The way we make neural networks today is by setting up a distal ex quo (the search process). A more proximal ex quo for a neural net comes from the accumulated hidden features: they set up the context in which the next little tweak is beneficial. We can know how to make neural nets that work well without knowing much about how the series of tweaks in context build up the computations that end up performing well at the given task.
We can nevertheless turn off the ex quo of current AI systems because the ex quo is almost entirely dependent on the distal ex quo. We can't, however, turn off the proximal ex quo of human scientific understanding, just by turning off the distal ex quo: scientific creativity doesn't require that genetic evolution is continuing. We can, in a haphazard way, turn off some human creativity while retaining some operation, e.g. by taking sedatives or by punishing creativity.
The ex quo is self-created
The learning is itself being learned. So from our perspective, "what's learned" (as distinct from [the learning process that we explicitly set up]) as an undifferentiated blob includes [the learning process that the mind sets up for itself].
Learning beyond a certain point has to be online learning.
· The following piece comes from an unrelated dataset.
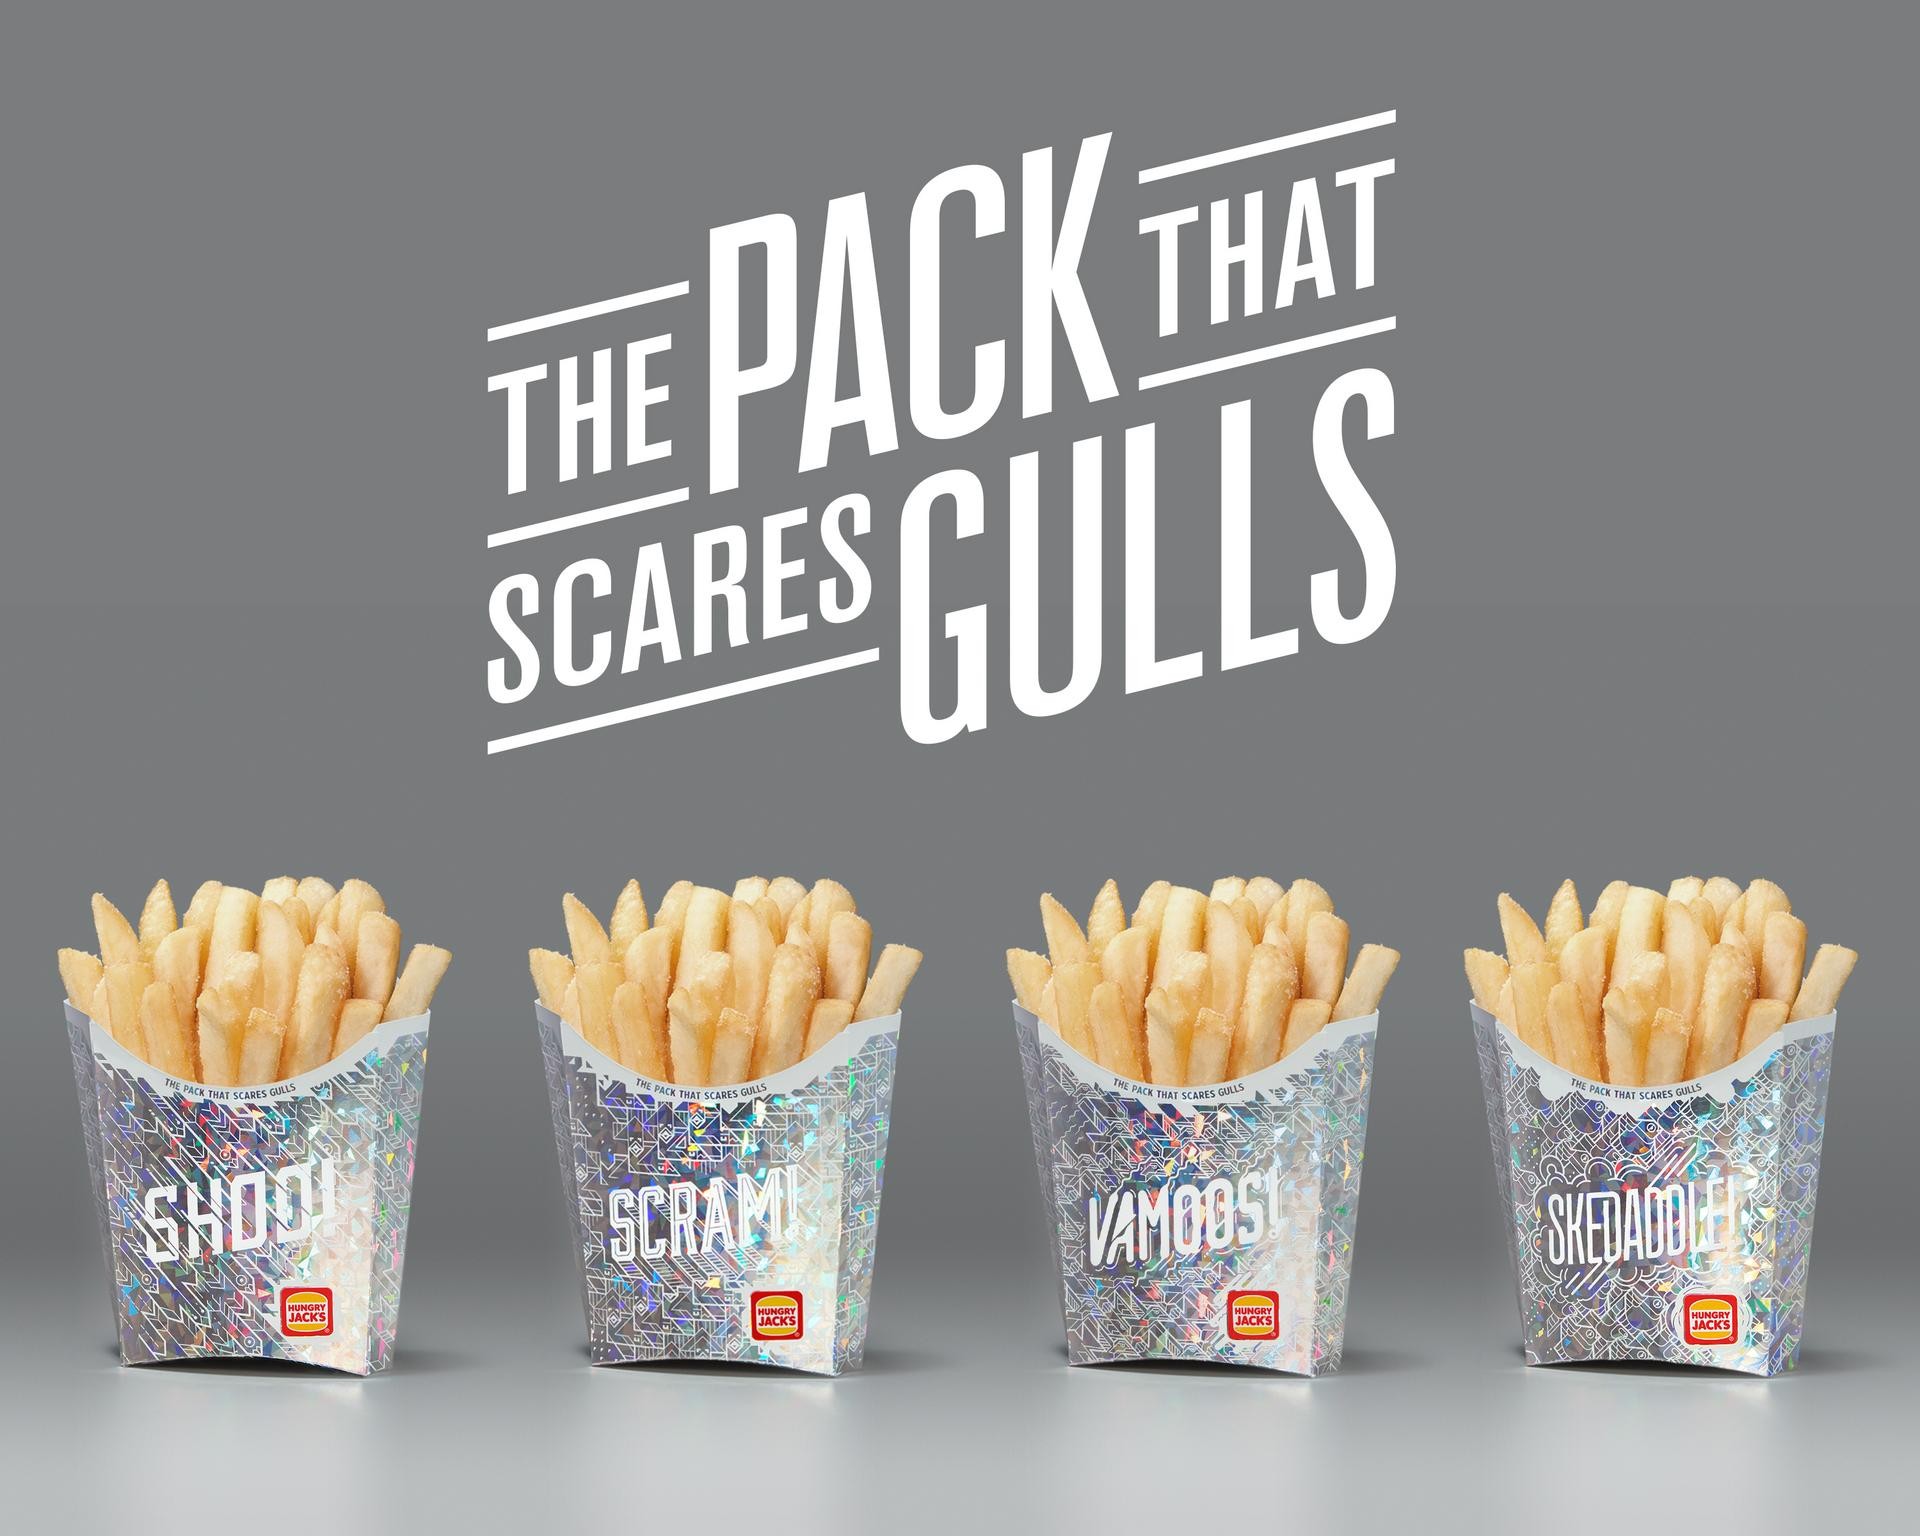 The Packs That Scare Gulls

Online learning produces mental elements that combine synchronic and diachronic functions: the elements both participate in currently crystallized skills, and also in the production of new skills. (Analogy: a healthy living codebase is made of small components that both perform their function well and also make themselves and their context readily available to be effectively understood, modified, and extended.) Note: here "learning" is used as a metonymy for creativity; to me "learning" softly excludes, for example, problem solving and imagining, which creativity includes if they involve grasping new ideas. See here.
So, the operation of the mind includes learning processes, even if our explicitly-set-up search processes have been shut off. More generally, the operation of the mind to perform even familiar tasks is set up to continue being creative.
Mental operation includes creativity
A strong mind continues its trajectory of creativity
If a mind's operation and creativity can't be separated, then the mind can't operate without also exercising its creativity. A very strong mind became strong by being on a strong trajectory of accumulating novelty through creativity. So as long as a very strong mind continues to operate, it continues forward on its trajectory of creativity, gaining more and more understanding.